- Cox in 2025

Chief Fisheries Officer of Barbados
- In office 3 January 2023 – 13 June 2026

Personal details
- Born: 1988
- Died: 13 June 2026 (aged 38)
- Education: University of the West Indies

= Shelly-Ann Cox =

Barbadian scientist and civil servant

Shelly-Ann Latoya Cox (1988 – 13 June 2026) was a Barbadian scientist and civil servant who served as Chief Fisheries Officer of Barbados from 2023 until her death. During her tenure she oversaw the industry recovery following Hurricane Beryl.

== Career ==
Dr. Cox worked as an ocean professional and specialist in fisheries management. Cox was the founder and CEO of Blue Shell Productions, an organisation involved in ocean development. She worked at the Centre for Resource Management and Environmental Studies (CERMES) of the University of the West Indies at Cave Hill. She was considered a significant member of the fisheries community.

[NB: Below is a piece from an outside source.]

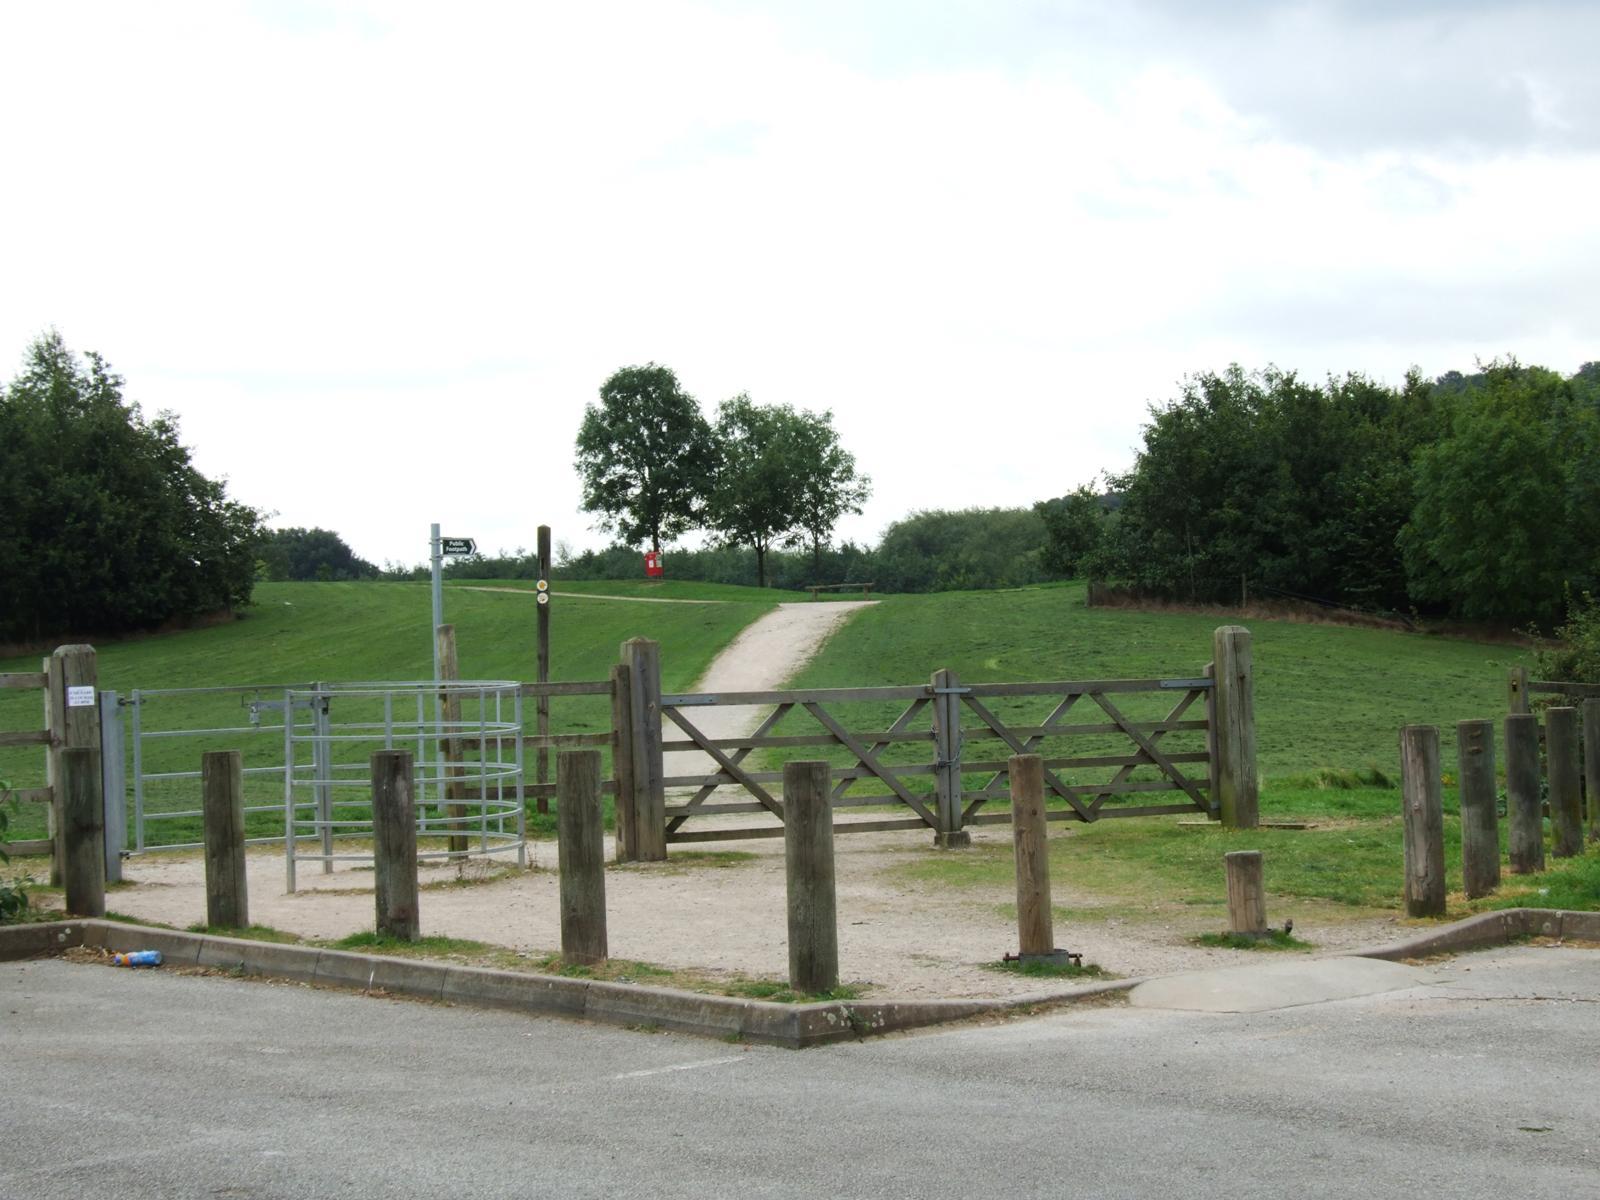 pit-lane-area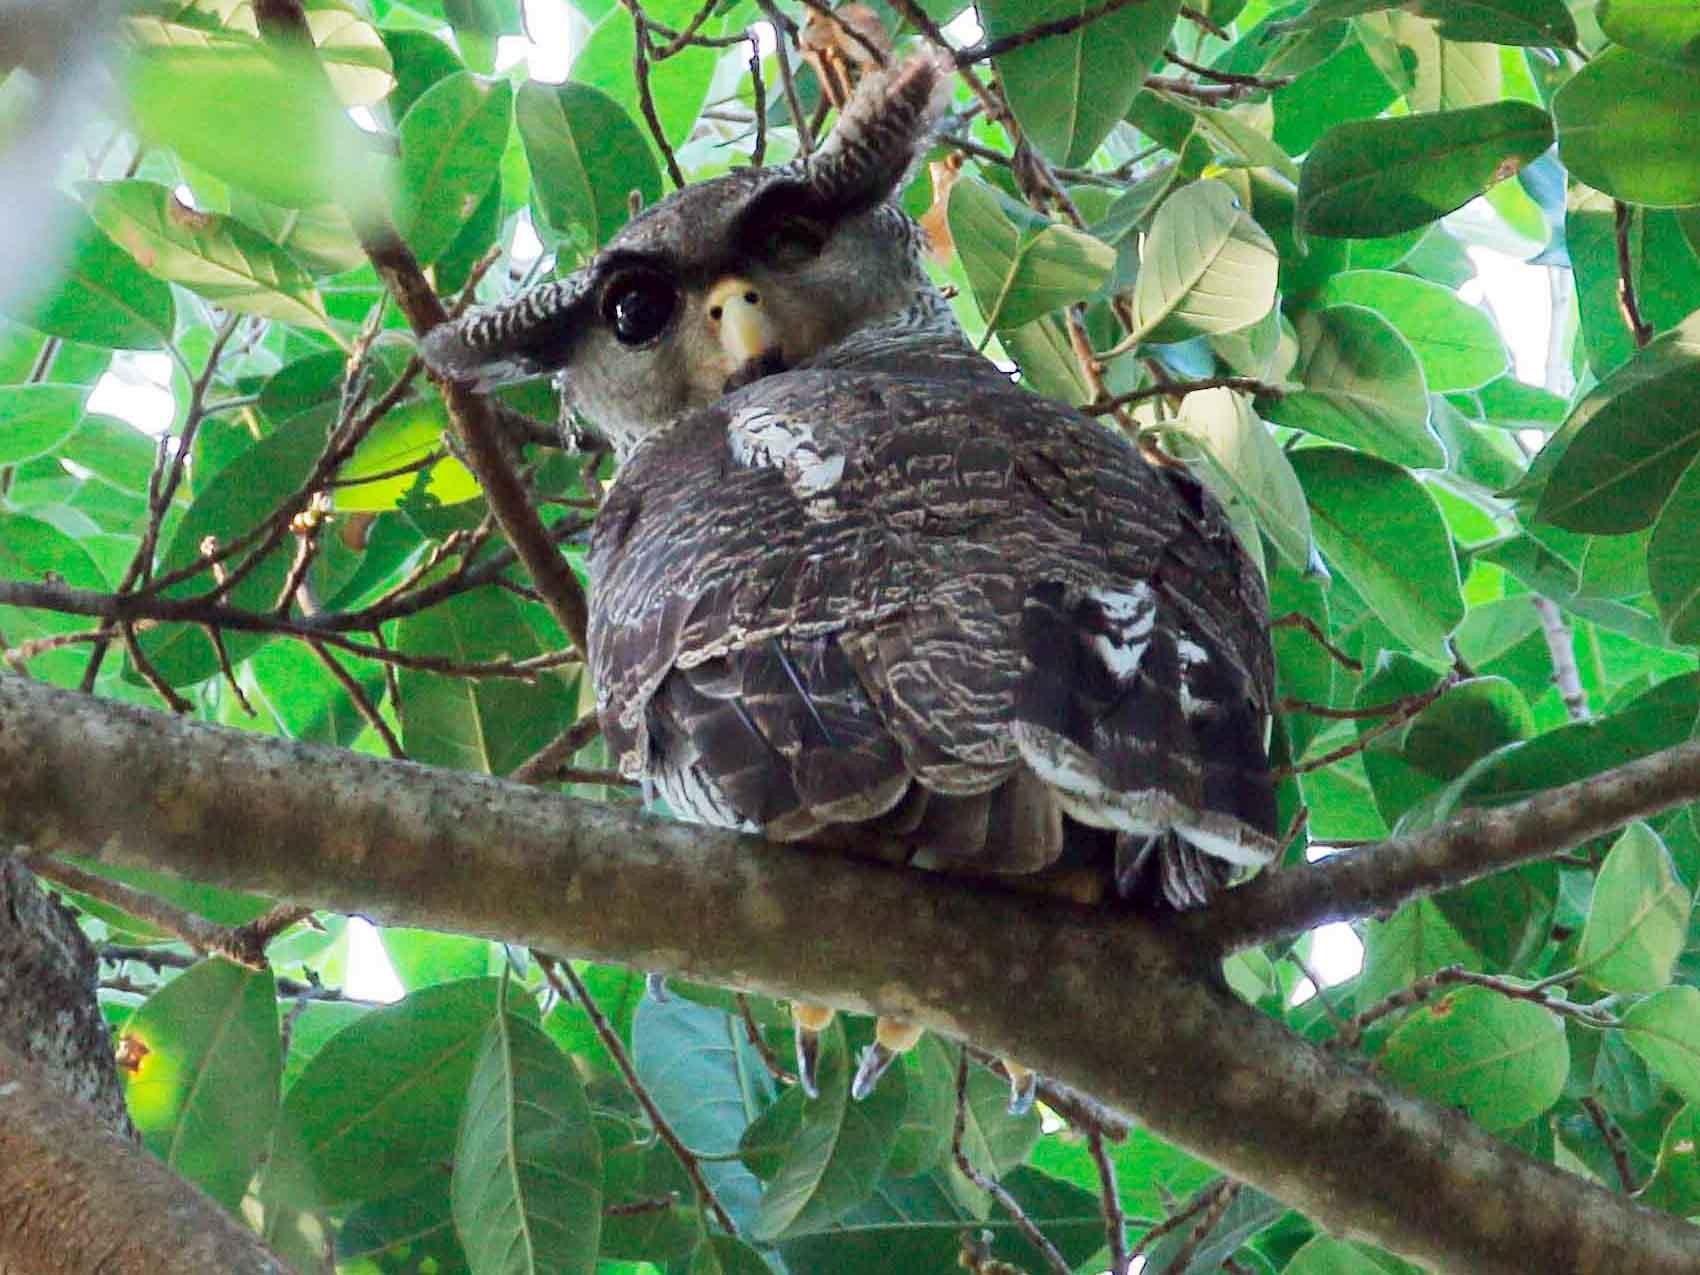 Barred Eagle-Owl - Neoh Hor Kee

In January 2023, Cox became Chief Fisheries Officer. The role involves advising the Ministry of Environment and the Green and Blue Economy. The role of the officer is to support the fisheries community. She was the youngest person to have held the role. She was also the second woman in the Caribbean to hold an equivalent title. In the role she was tasked with modernising the fishing industry of Barbados. One ambitious target of hers was for Barbados to achieve zero fish waste by 2028. Cox aimed to increase the sector from 0.07% of GDP to 5% within a decade. This required the high tech transformation of the sector using new technology.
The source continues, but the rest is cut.